Re: Biot-Savart Law-- magnetic field produced by single wire.

You're doing it correctly. Keep in mind that each infinitesimal element of the wire produces a magnetic field in the same direction as every other differential element - all into the page or in the positive $\hat{z}$ direction. So not only is there NOT a chance for magnetic field contributions to be in the oppositie direction and thus potentially cancel the field in the 'z' direction, but you also have the luck of having the magnetic field all pointed in an easy direction (in the direction of one of the coordinate axes.) Thus you do not have to worry about projecting dB into the direction of the various axes and then doing 3 separate integrals.

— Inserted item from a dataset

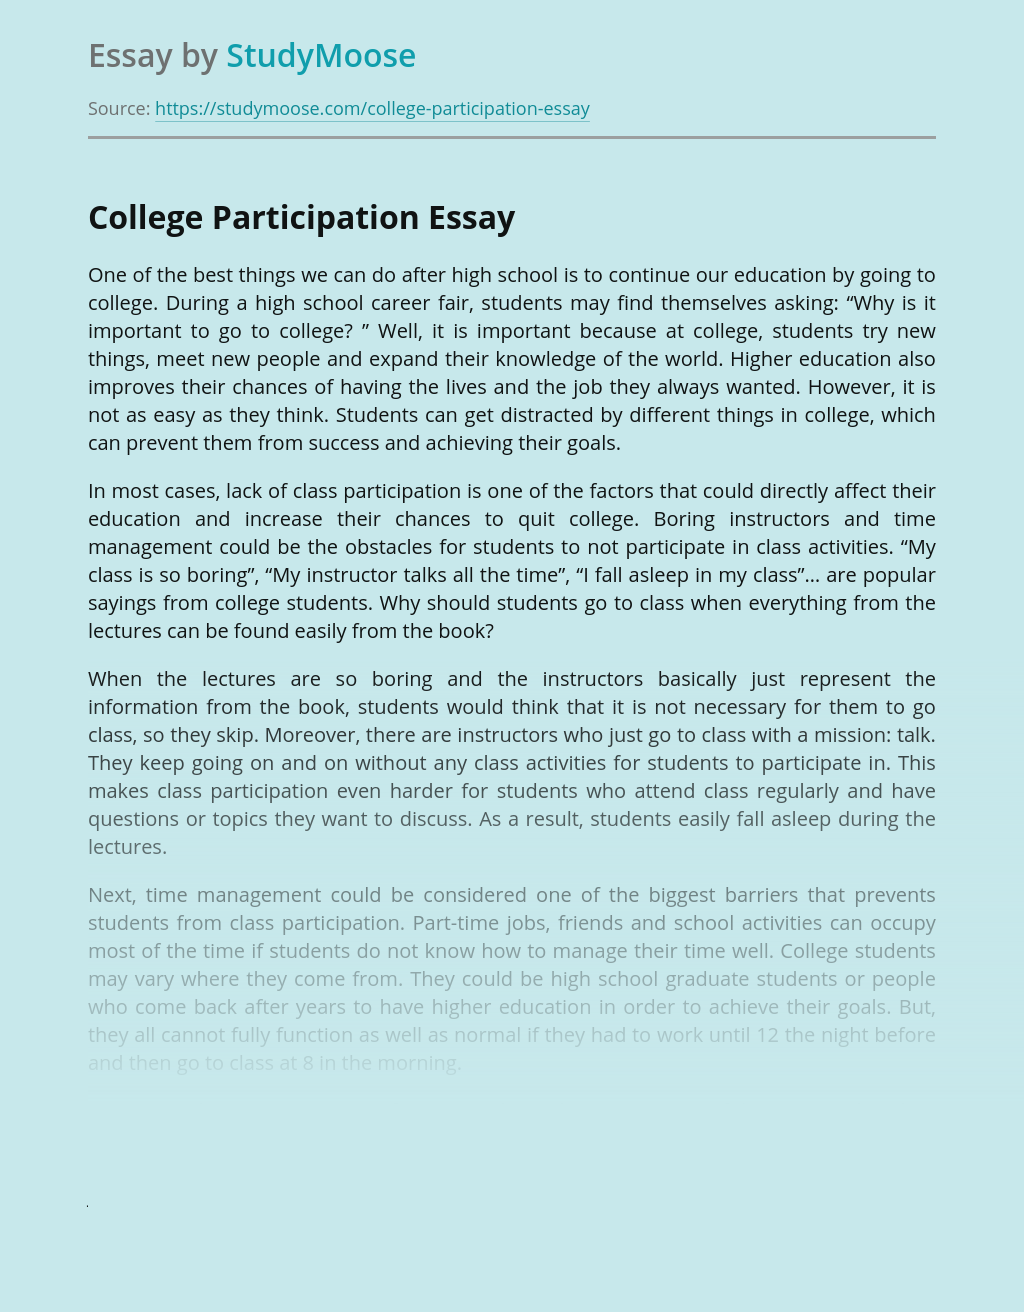 College Participation

The calculation shouldn't depend on 'y' because all of the differential wire elements are all the same 'y' distance away from the point who's magnetic field is in question. And you know that 'y' value, it's just '2L'. Every distance between differential wire elements and the point 'P' then is just dependent on 'x' with the help of the constant '2L' and the pythagorean theorem.

Also I notice that you end up with an integral that involves a slight trick to evaluate. You have to split up the 3/2 power in the denominator to
$$\frac{x}{\sqrt{a^2 + x^2}^3}$$
and then use trig substitution where $x = a \tan{u}$. Just trust me the dust will settle with the algebra and the third power won't be an issue. 'a' is just your '2L' constant.

Edit** Actually yeah, just noticed your original sine term was wrong, but looks like you corrected it already and solved the problem.

Last edited: Dec 10, 2012